В начало
Лилия Мулляр ОБРАЗЫ-КОНЦЕПТЫ СОЦИАЛЬНОГО ТОПОСА В ФОЛЬКЛОРНО-СКАЗОЧНОМ ИЗМЕРЕНИИ

Социум – человеческая общность, социокультурное пространство, предполагающее взаимообусловленные связи и отношения между индивидами, стабильное и уверенное существование в адекватных условиях.
В сказке образ-концепт «Дом/Свое царство» – ритуальный социум, освоенное, очеловеченное пространств, в котором безопасно, изначально течет размеренная жизнь, все стабильно и «все хорошо»: «В некотором царстве, в некотором государстве жили-были…», «Жили-были старичок со старухою…», «Жила-была в одной деревне маленькая девочка…». Даже если герой сказки социально обездоленный и живется ему сложно, все же он – в своем Доме. Пространство Дома маркируется как «здешний» мир – с одной стороны, как родной, привычный, надежный, защищающий, символизирующий семью, счастье (успех); с другой стороны, как реальное бытие с его несправедливостью и проблематичностью существования, но всегда – как внутреннее пространство Своего царства.

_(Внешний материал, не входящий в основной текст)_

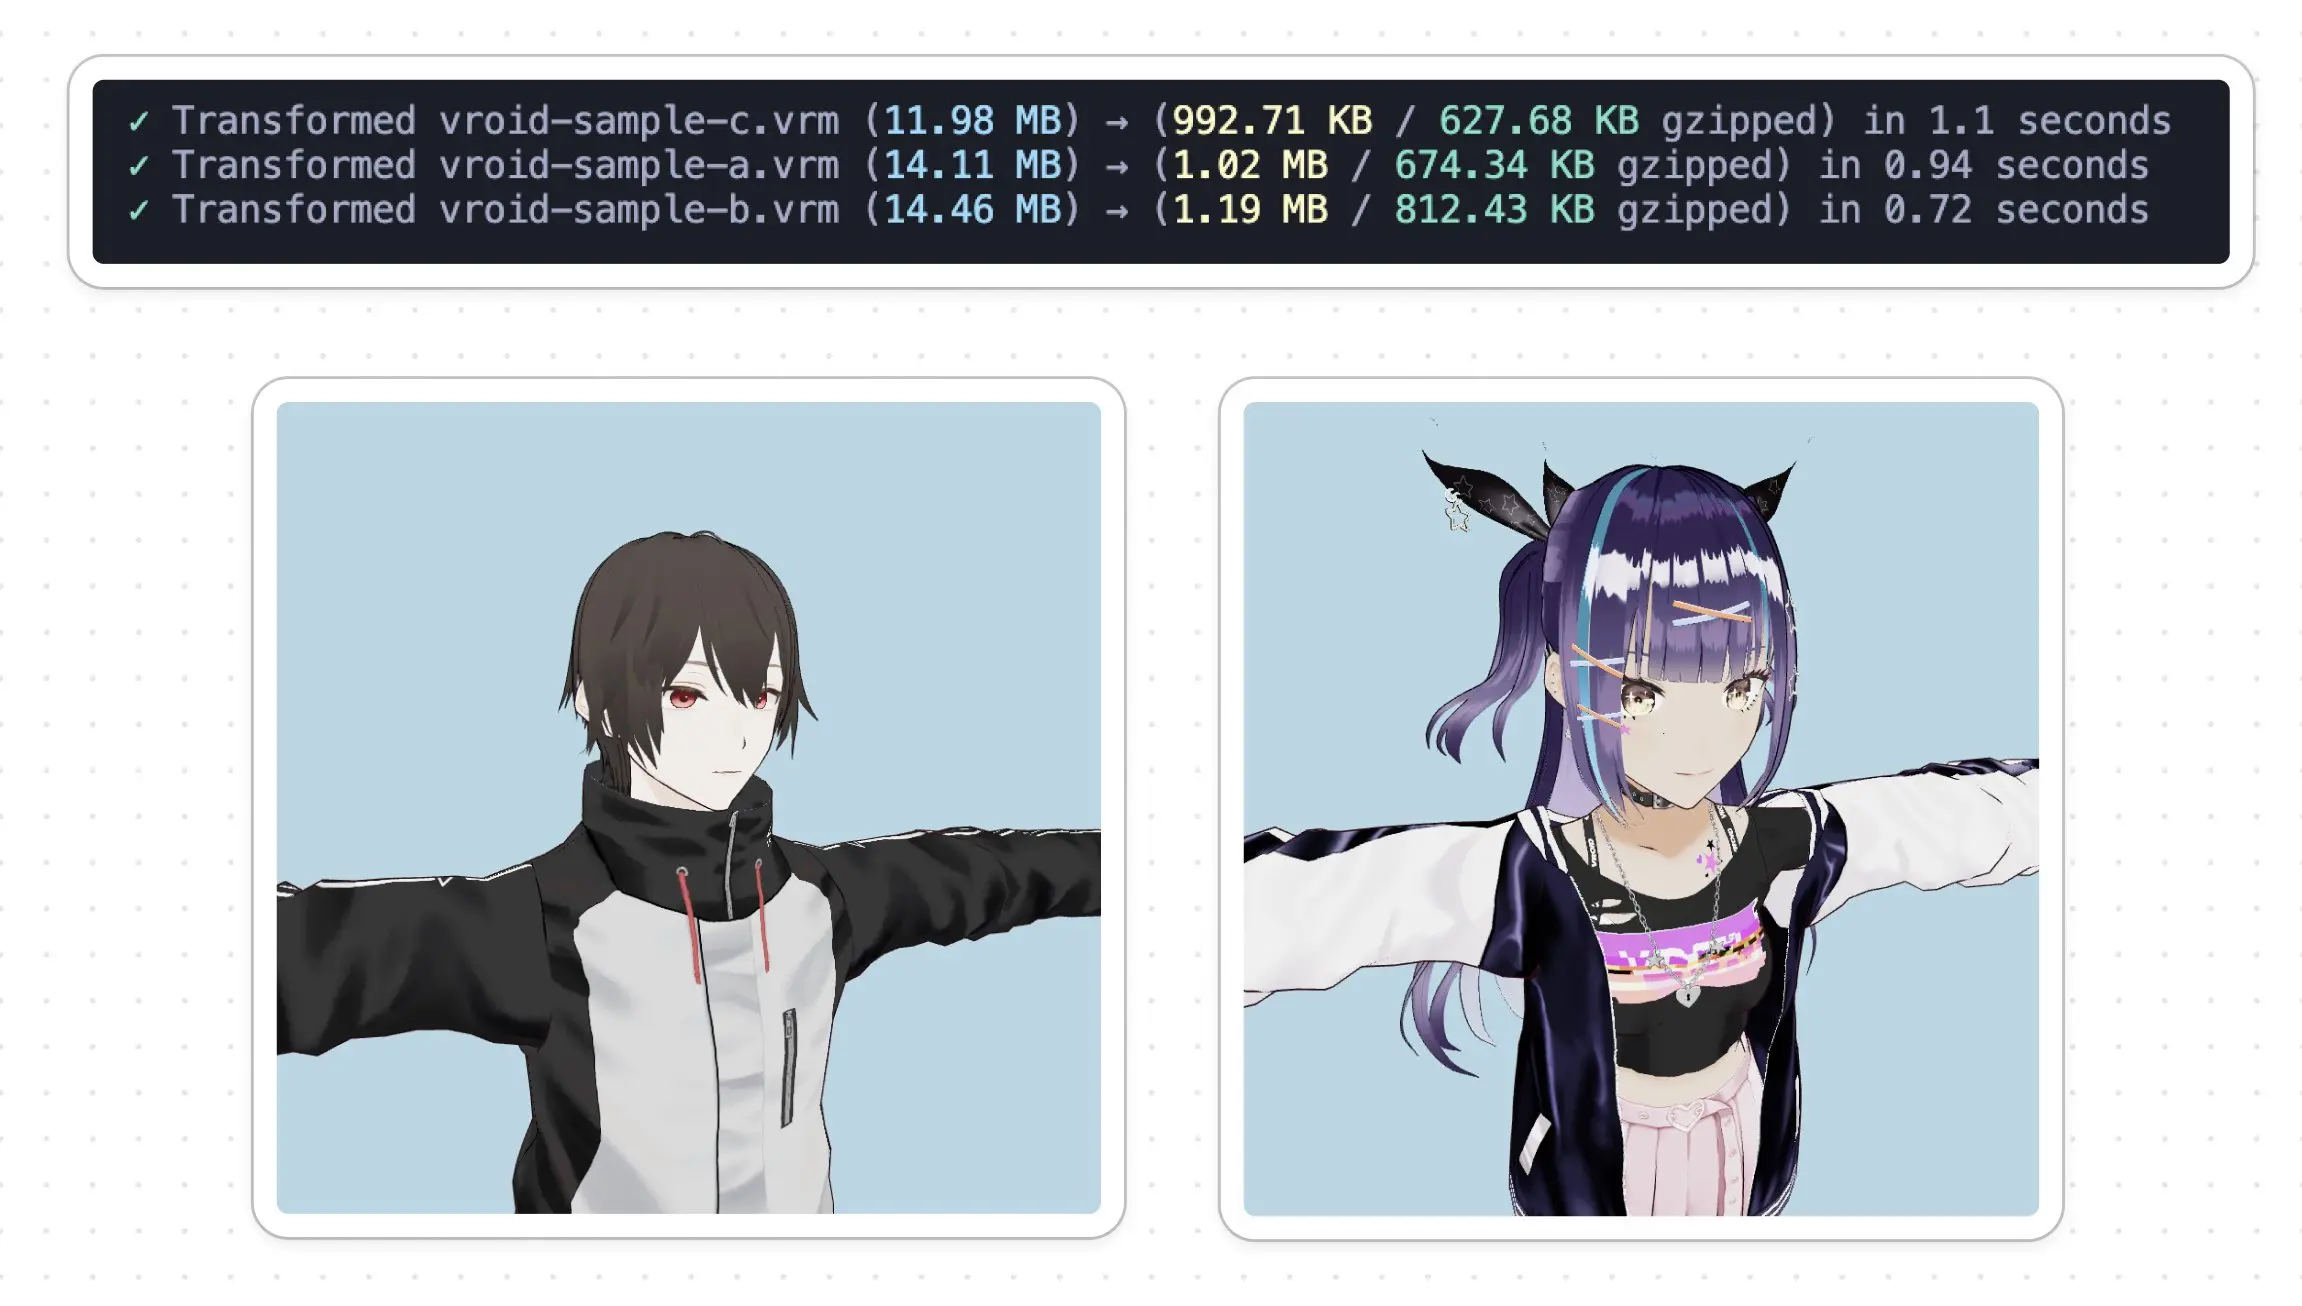 Top: terminal logs showing showing three VRoid VRM files that have shrunk from 15 MB to 1 MB. Bottom: two compressed VRoid characters in T-Pose. Compression artifacts are minimal.

Пространственный локус «Дом» репрезентирует обязательность Своего социального места. Локальная приуроченность может быть выражена крестьянской избой, царским/королевским дворцом, купеческим теремом, «лачугой чуть побольше ящичка для огородной рассады» семьи Чиполлоне, каморкой папы Карло, ореховой скорлупкой Дюймовочки, Солнечным городом коротышек – Своим царством (все это – «обжитое» пространство). Поскольку главная символическая функция Дома – защита от стихии и житейских неурядиц, то локализованность и дискретность Дома усилены его закрытостью-защищенностью: стены и крыша, естественная ограда, ворота и двери, охрана специальными сторожами (тридцать три богатыря, змей, пес, лев, сверчок, старая крыса, ящерка и др.). Важнейшими внутренними локативами Дома являются печь и порог.
Печь – сакральный «узел» внутреннего пространства Дома – кормит, согревает, освещает, объединяет – это символ силы, энергии, достатка, благополучия (успеха), жизни рода/семьи. С печью связан и образ Домового в фольклоре – хранителя очага, доброго внутреннего духа Дома-социума. У восточных славян это крохотный старичок, в европейском фольклоре домашнего духа ростом с ребенка в лохмотьях называют Брауни.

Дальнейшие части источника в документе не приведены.